Seventeen patients (11.3%) had a stroke, including 16 (94.1%) an ischemic stroke and 1 (5.9%) a hemorrhagic stroke. There was a recurrence for 4 (23.5%).

Silent myocardial ischemia was found in 26 of these patients on the EKG (27.3%).

OALL in its clinical manifestation, intermittent claudication, was found in 13 patients (or 8.7%), including 2 in stage I, 7 in stage II, 2 in stage III and 1 in stage IV.

Distal pulses were present for the majority of patients 72.6%.

Arterial ultrasound of the PAD pelvic limbs was done for 60 patients (i.e. 40%). PAD was identified in 45 (75%) and the degree of stenosis was 46.97% ± 25.36% on average.

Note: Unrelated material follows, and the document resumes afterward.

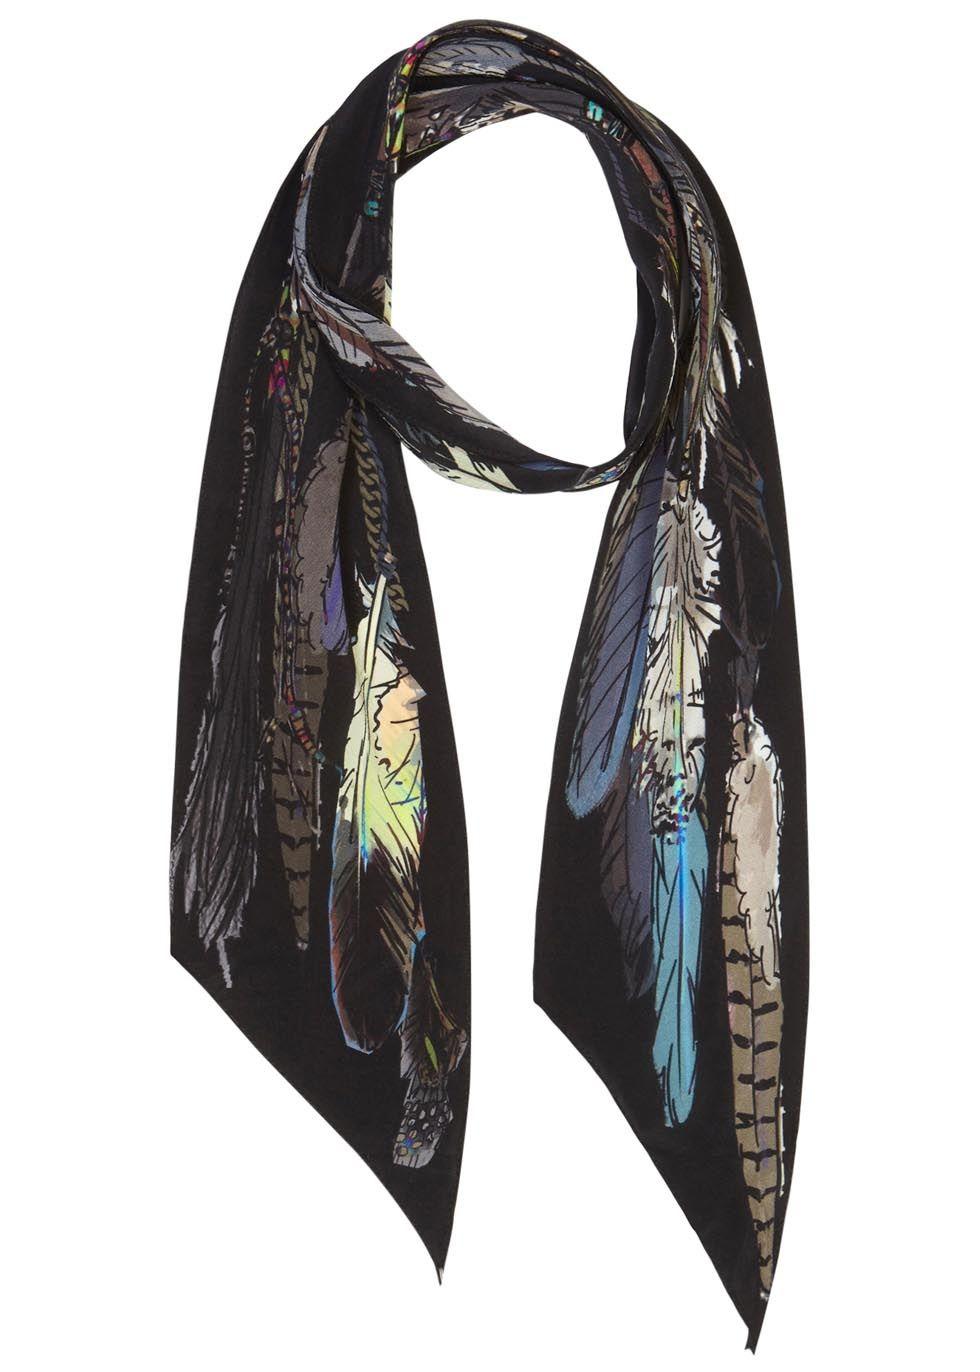 ROCKINS multicoloured silk georgette scarf Printed Presented in a designer-stamped box 100% silk

Associated factors with the occurrence of macroangiopathy in diabetics from the CNHU-HKM of Cotonou: Table 3.

There is a statistically significant association between age, the duration more than 15 years and history of high blood pressure in the patient when macroangiopathy occur. On the other hand smoking, alcohol, medical treatment, physical activity and sex are not associated with the occurrence of macroangiopathic complications

3.3. Mortality

Total mortality was 7.3%, concerning 11 patients out of the 150 with macroangiopathy. Stoke was the main cause of death.

Table 1. Distribution of patients according to age and sex.

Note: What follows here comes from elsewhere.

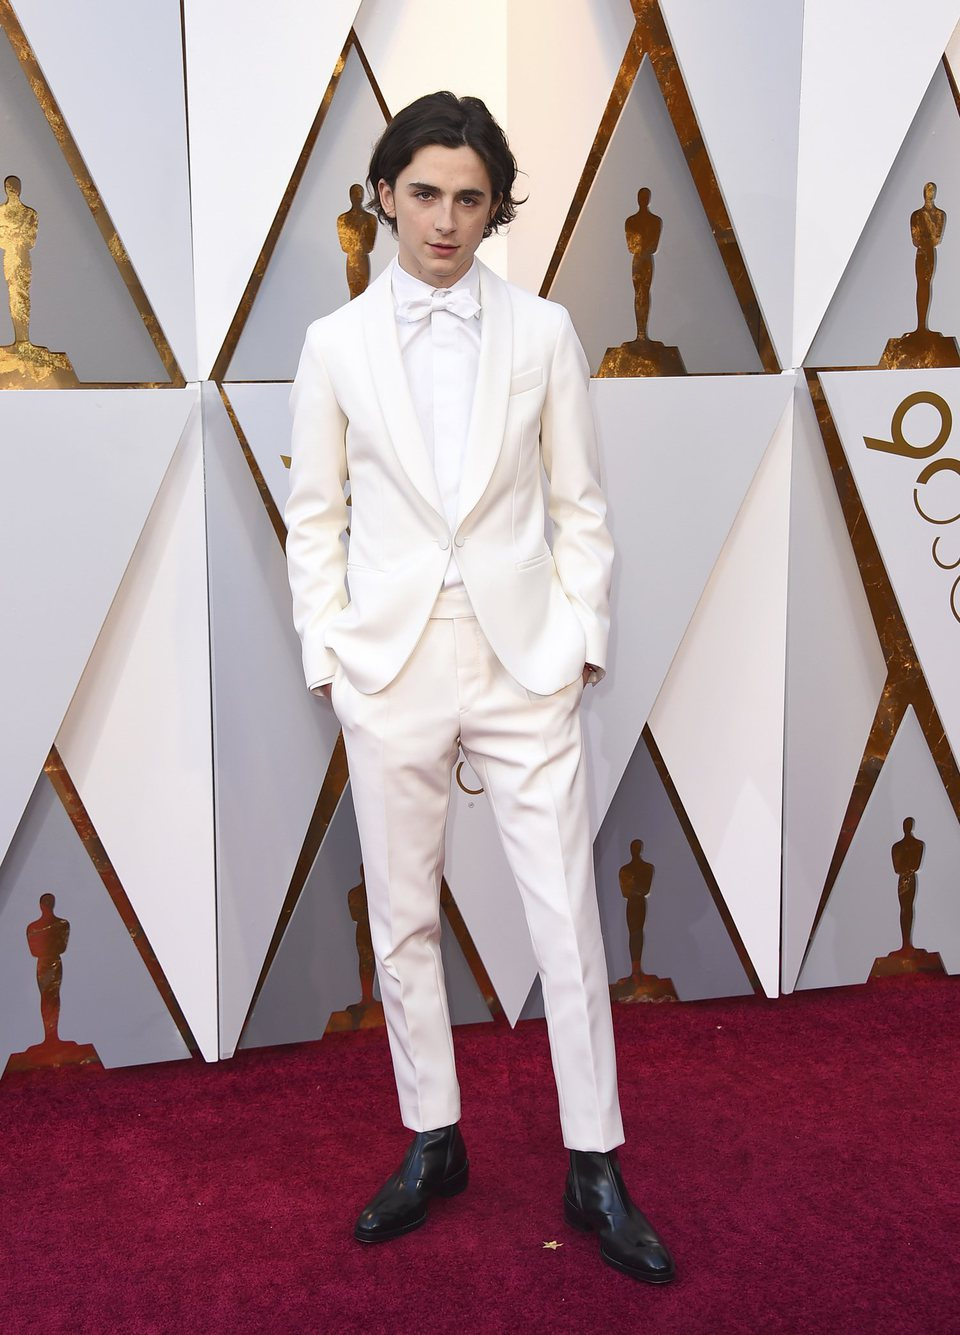 Timothée Chalamet en la alfombra roja de los Oscar 2018

Table 2. Distribution of patients according to factors associated with diabetes monitoring.

Table 3. Associated factors to macroangiopathy occurrence in diabetics at CNHU-HKM de Cotonou.

4. Discussion

In our study the prevalence of diabetic macroangiopathy was 60%. Similar figures were found by Sarr et al. (57.8%) [5] . On the other hand, prevalences lower than ours were found by Khanouach et al. 27.6% [6] . The average age of the patients was 57.69 ± 1.77 years. This average is close to Diagne’s et al. studies, 58.72 ± 11.7.

The sex ratio was 1 in our study. However, Diagne et al. and Charles et al. found respectively 1.11 and 1.36 in favor of women [7] [8] .

There is a statistically significant association between age, duration more than 15 years and history of blood pressure within patient enduring macroangiopathy in our study. A similar result was reported in the study by Roux et al. where the patients’ diabetes had been evolving for 15.7 ± 7.2 years [9] .

Tobacco is one of the most important cardiovascular risk factor; we have identified 4% of smoking patients. Studiesby Sow et al., Yameogo et al. and Diagne et al., found higher results with respectively 9.1%, 7.2% and 5.7% of diabetics who smoke [7] [10] [11] .

Identifying 127 patients out of the 150 with dyslipidemia, (84.7%) confirms UKPDS conclusions that showed the effect of diabetes on plasma lipids thus contributing to excess cardiovascular risk [12] . In addition, a statistically significant link was found between the occurrence of a macroangiopathy entity and dyslipidemia (p < 0.05). Our figures are, however, higher than those of Sow et al. (31.8%) [10] and Yameogo et al. (43.08%) [11] .

Silent myocardial infarction was found in 26 patients or 27.4%. This is close to that found by Sarr et al., 24% [5] . Khochtali et al., in diabetics aged over 65 (20%) [13] . In a study on the blood pressure level of diabetics conducted in 2009, Lokrou et al. found 14% of diabetics suffering from coronary artery disease [14] . Whereas in 1998 the rate of dyslipidemic diabetics suffering from latent myocardial infarction was 15.1% [15] . Similar proportions were found by Ndiaye et al. on one hand (14.2%) [16] and by Khanouach et al. on the other hand (13.8%) [6] .

Our figures are also higher than those of Koate et al. who diagnosed silent myocardial infarction in 9.25% of diabetic patients [17] and those of Sow et al. silent myocardial infarction (0.36%) [10] . Diagne et al. found 50.02% ischemic heart disease among type 2 diabetic patients [7] . Stroke concerns 11.3% of patients in our series with 94.1% ischemic stroke and 5.9% hemorrhagic stroke.

Limit of study: The type of study (retrospective) is the main limitation because we were limited in the description of certain symptoms that were not always reported in the records.

5. Conclusion

The prevalence of macroangiopathy was 60%. Stroke 11.3%, silent myocardial infarction 27.3%, and OALL 46.97%. The mortality rate linked to macroangiopathy is 7.3%, hence the importance of prevention which involves screening for risk factors.

Conflicts of Interest

The authors declare no conflicts of interest regarding the publication of this paper.